El frailuco estaba pálido e inmóvil.
―¿Creéis que llegaré a blasfemar? ¿No? ¿Sí?
Se había acercado hasta casi un palmo del rostro del infeliz. Varios transeúntes se arremolinaron para
mejor contemplar la escena, regocijados. Antonio Gil era así, hosco y callado, pero excelente persona y el
mejor de su oficio. Sabían, que era capaz de aguantarlo todo, mas nunca a los pesados. Sostenía que el último
mandamiento de la Ley de Dios era «No molestarás a tu prójimo», pero que a Moisés se le cayó en el Sinaí la
tabla en la que estaba inscrita esta sensata norma divina.

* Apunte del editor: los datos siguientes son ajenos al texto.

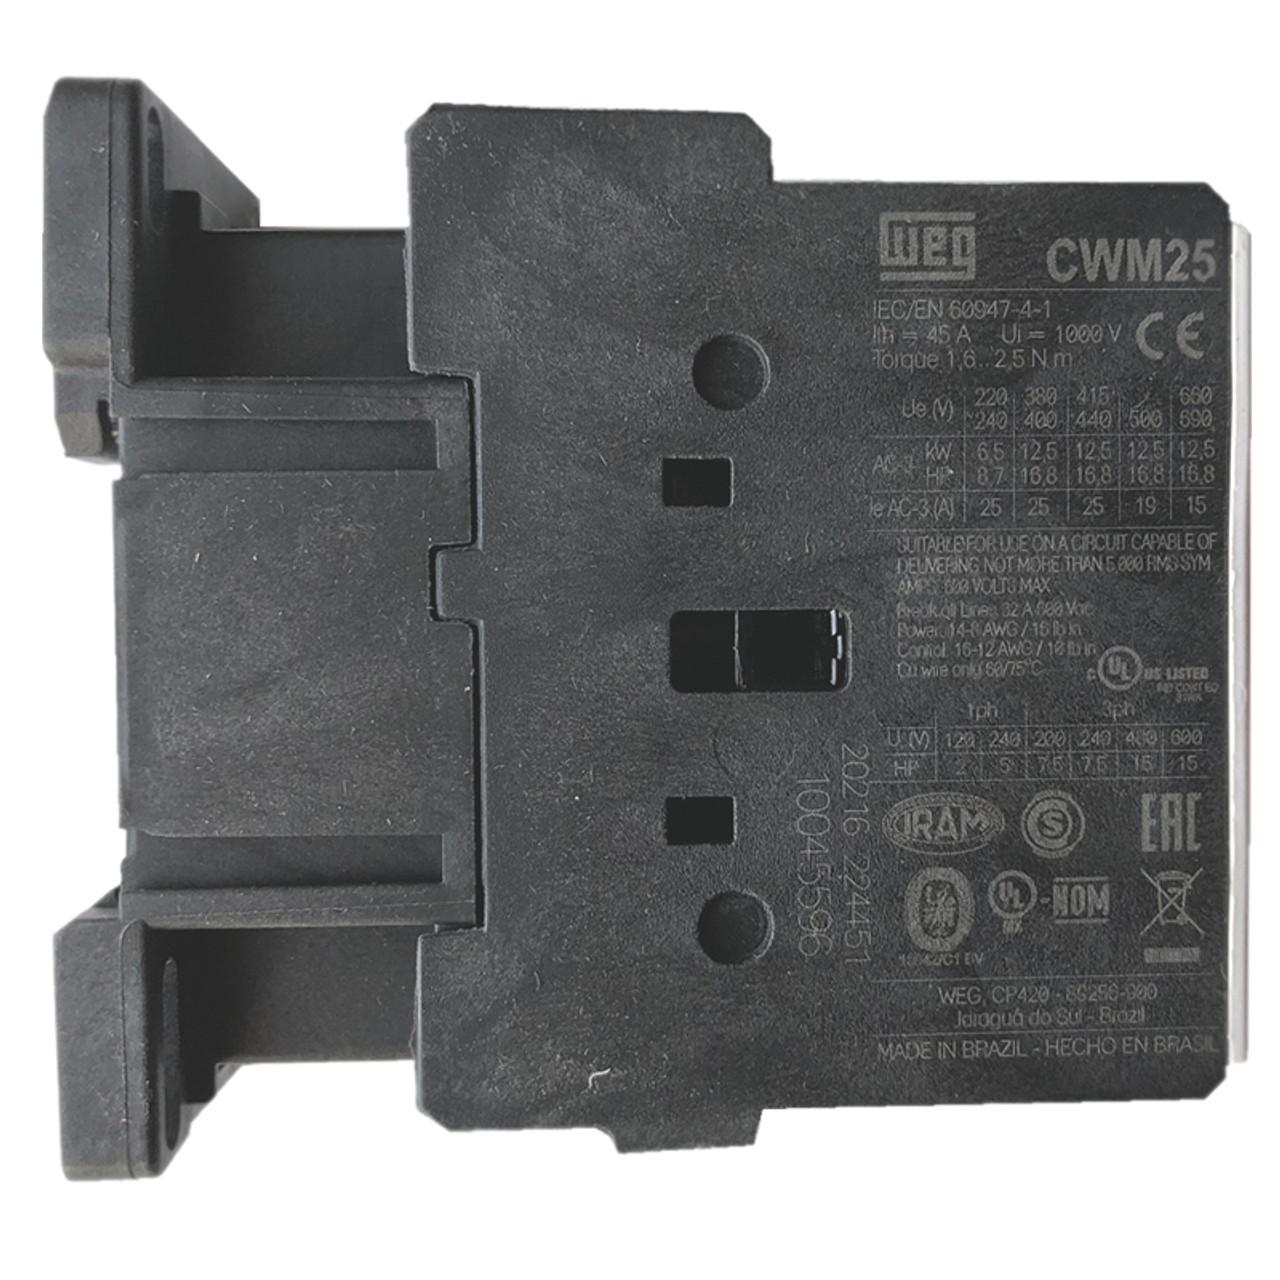 WEG CWM25-00-30V18 side label

El fraile no sabía cómo escapar de aquella furia.
―¡Pues no! No voy a blasfemar. ¡Mirad!
Se volvió hacia una barrica tumbada, abrió la zapa y escanció sidra en una jarra que a mano estaba para
esa finalidad, pues los porteadores que abastecían las naves precisaban refresco.

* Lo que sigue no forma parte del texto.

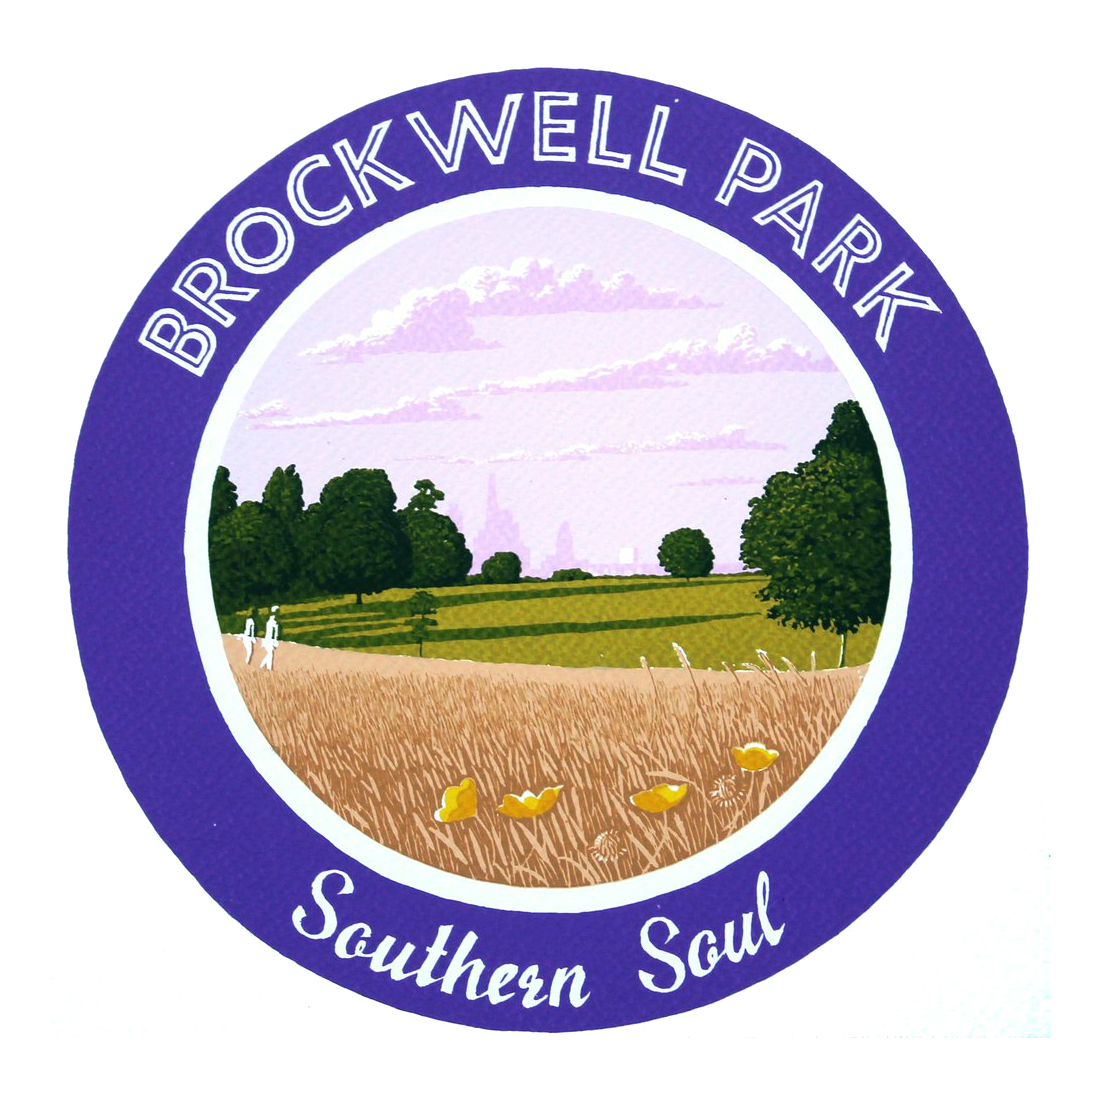 Brockwell Park, Southern Soul

Bebió con fruición sin cuidarse del líquido que resbalaba por la comisura de la boca. Al terminar, se
limpió con el dorso del brazo y lanzó un sonoro regüeldo, en dirección al impertinente.
―Ya veis, hermano. Ni he blasfemado ni he echado fuego por la boca. Esta bebida es santa.
Y terminó la broma con una sonora carcajada. Todos le corearon y el religioso escapó atarazanas arriba
como huyendo del diablo.
Aquel forastero charlatán ignoraba la importancia de la sidra en los viajes de los marinos cántabros por
los mares del Norte en busca del bacalao y la ballena. Nunca eran afectados por las llagas que impedían comer
y que, en muchos casos, terminaban con la vida de los marinos.
El tonelero, por su parte, desconocía que aquel fraile pesado y entrometido era el depositario en la
ciudad de los fondos proveídos por Juan Rodríguez de Fonseca, Comisario de la gran flota de diecisiete navíos
y mil doscientos hombres que pronto se concentraría en Cádiz.
No sospechaba Antonio Gil de la Hermida, el mejor tonelero de Santi Emeteri, que su falta de
paciencia le llevaría a jurar y a cargarse con la culpa de mil blasfemias, gracias a las que se granjeó, casi seguro,
un lugar destacado en el infierno. Aquel frailuco que corría atarazanas arriba, iba a retrasar dos años el pago de
unos toneles tan bien terminados.
Eso sí, ni él ni ninguno de los marinos santanderinos sufrirían llagas en la boca.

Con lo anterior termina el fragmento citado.